Is there any chance of that? I think there is, in as much as about 70 percent of Americans disapprove of convenience abortions even in the first trimester of pregnancy, and in as much as people like me, when they come to consider the question seriously, have sometimes changed their minds. After all, in this country’s nineteenth-century moral crisis, the majority of the people repeatedly rejected slavery. A good example of this happened just a few years before the Civil War began, in the territory of Kansas, where proslavery forces made one of their biggest stands. Among other tactics, they rigged an election in order to claim the existence of a pro-slave majority in the territory. But when the balloting was repeated using fair electoral processes, slavery was voted down six-to-one.
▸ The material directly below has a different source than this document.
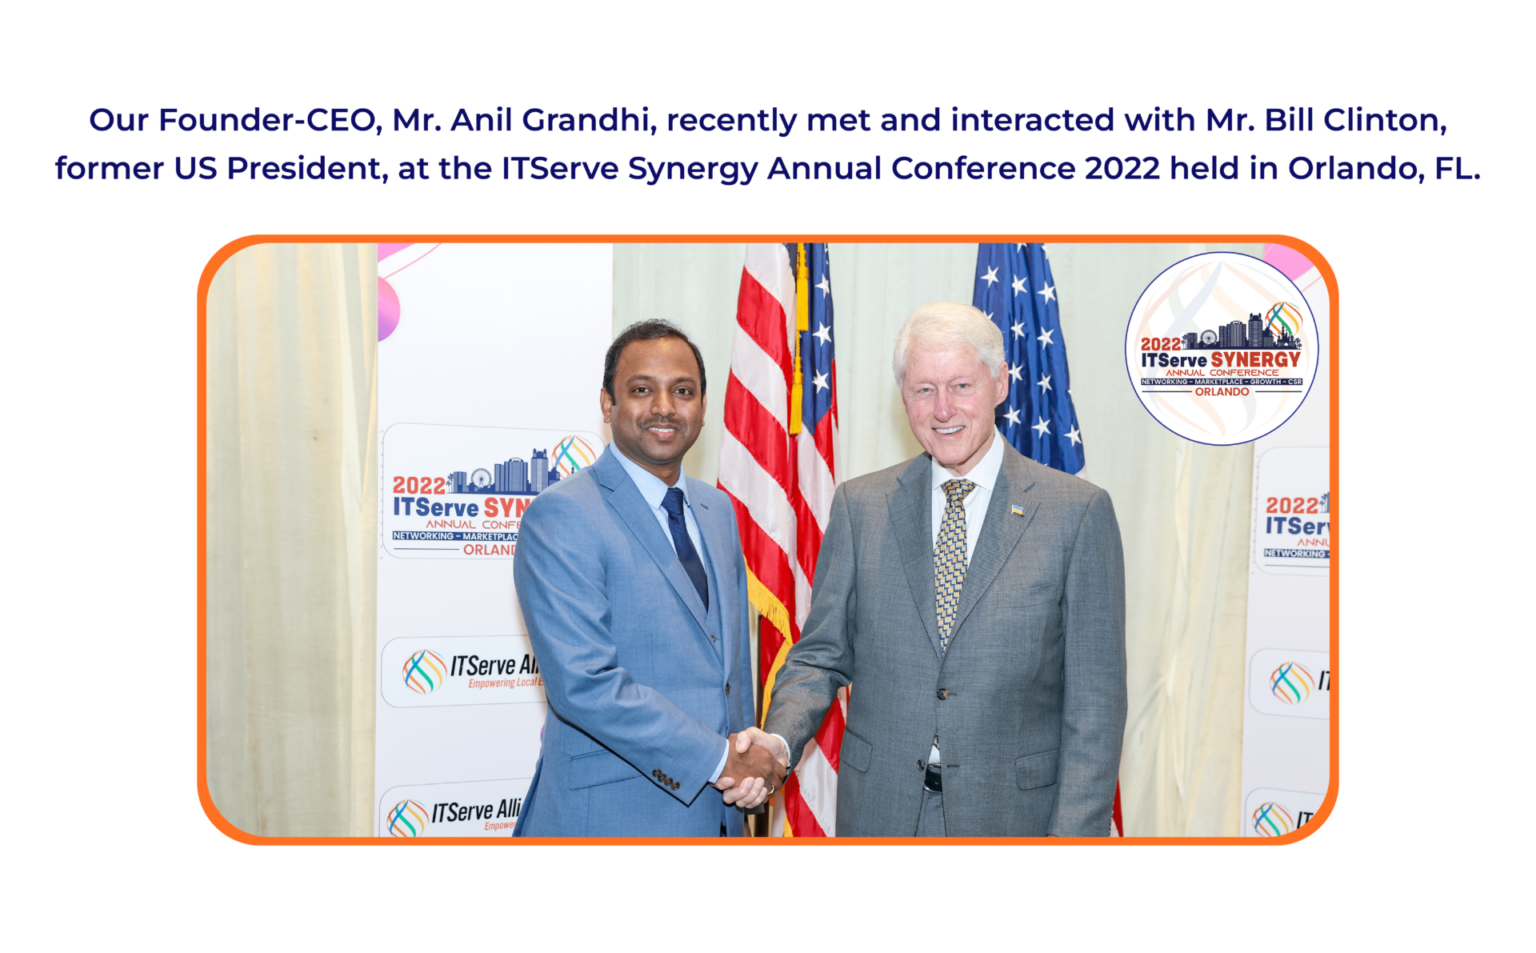 Anil Grandhi with Mr. Bill Clinton, former US President, at the ITServe Synergy Annual Conference 2022

There was no pro-slave majority in Kansas, just as there is no pro-abortion majority now. There was a small but very passionate pro-slave minority, and then a majority who recognized a right to freedom for blacks, but didn’t want to fight over it. Today, if the courts step out of the way, I think we will find a majority who recognize a right to life for the unborn.
Abortion is founded, as Lincoln said of slavery, on the selfishness of man’s nature; opposition to it, in his love of justice. If the love of justice could lead a world that had always known slavery, as mankind had through the nineteenth century, to abolish it, this love can lead America one day to choose life.
Stephanie D. Moussalli teaches Political Science and History at Pensacola Junior College.